Within a few years, the United States is expected to become a net exporter of natural gas, thanks to the shale gas boom that has driven nationwide production to historic levels since 2008, a ConocoPhillips executive told the Albuquerque Economic Forum on Wednesday morning.
The country’s “energy renaissance” has completely reversed the long-term outlook for U.S. energy independence, said Terri King, director of oil and gas operations for New Mexico.
“Previously, federal estimates projected the U.S. would import about 17 billion cubic feet per day of natural gas by 2015,” King said. “But by 2007, that outlook changed because of the shale gas revolution. Now, the forecast is for no imports by 2016, and exports of 7 (billion cubic feet) per day by 2025.”
Since the mid-2000s, modern techniques of hydraulic fracturing and horizontal drilling have opened up vast natural gas deposits in hard-rock shale formations in the Northeast, Midwest and South.
Last year, domestic production reached 25.62 trillion cubic feet of natural gas, according to the U.S. Energy Information Administration. That’s up 35 percent from 2005, and it marks the country’s eighth straight year of growth.

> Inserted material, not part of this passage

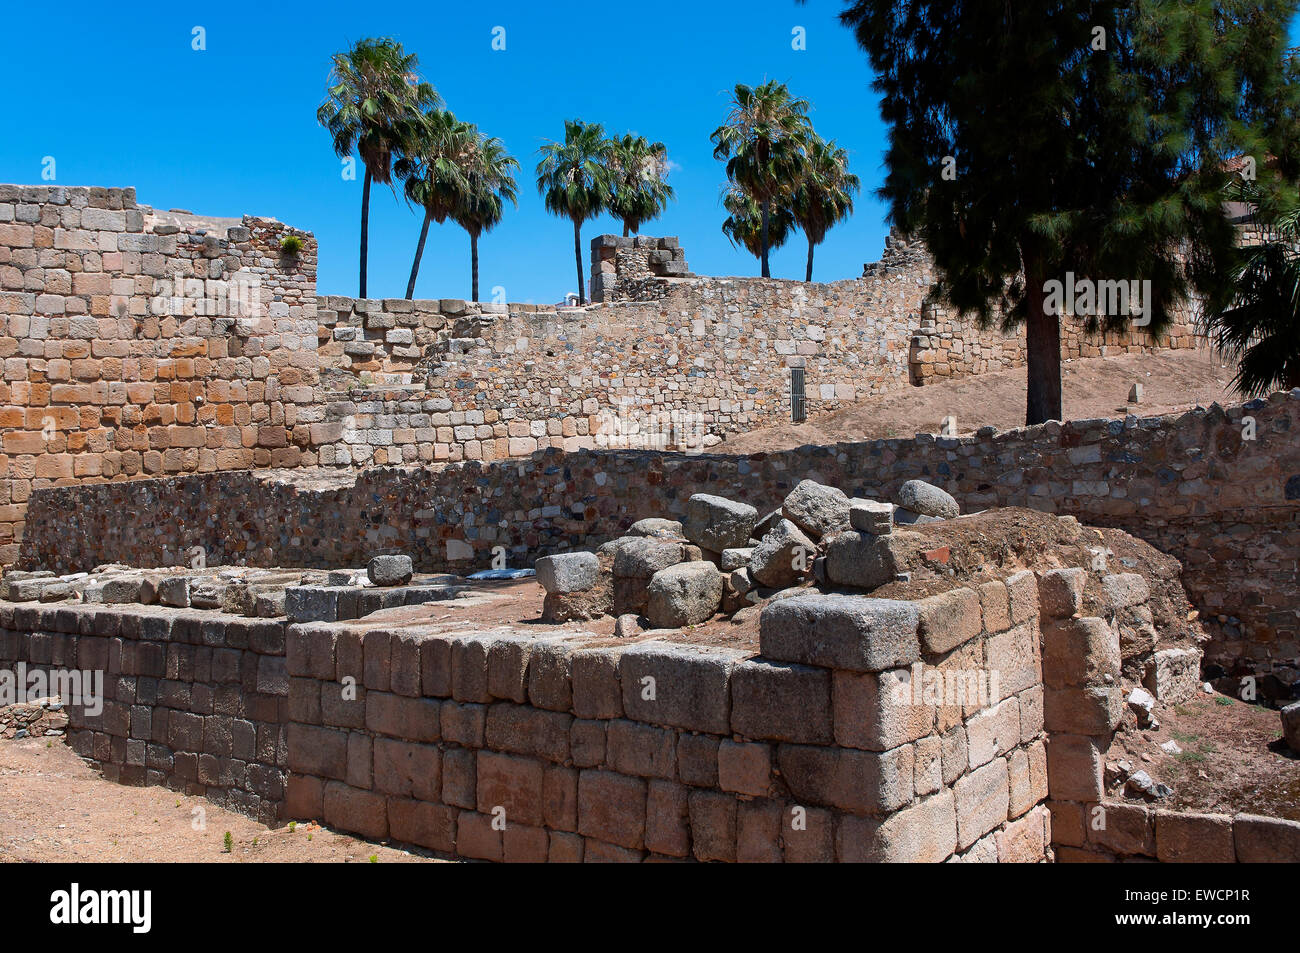 Murs Alcazaba, Merida, Badajoz province, région de l'Estrémadure, Espagne, Europe Banque D'Images

“We have about 20 major areas of activity in the country now,” King said. “We have huge deposits of hydrocarbons. …We’re looking at conservatively a century of supply.”
With domestic supply now exceeding demand, the industry is pursuing export strategies, with about 50 new projects for liquid natural gas export terminals awaiting government approval, King said.
Tapping foreign markets is key to sustaining production growth, because those markets offer far higher returns than in the United States, where oversupply has severely depressed prices. Producers earn about $3.90 per 1,000 cubic feet in the U.S. today, down from more than $13 in 2008.
Producers can earn more than $8 per 1,000 cubic feet in the United Kingdom, and more than $16 in Japan, King said.
Higher prices are also critical to reviving natural gas production in the San Juan Basin in northwestern New Mexico, where the national shale gas boom has had a boomerang effect.
New Mexico production fell to 1.215 trillion cubic feet in 2013, down 29 percent from the state’s peak production in 2001, according to the New Mexico Oil Conservation Division. This year, production is down slightly again, by about .05 percent as of August.
ConocoPhillips, which operates in 27 countries, is New Mexico’s No. 1 natural gas producer. About 10 percent of the company’s total annual production comes from New Mexico.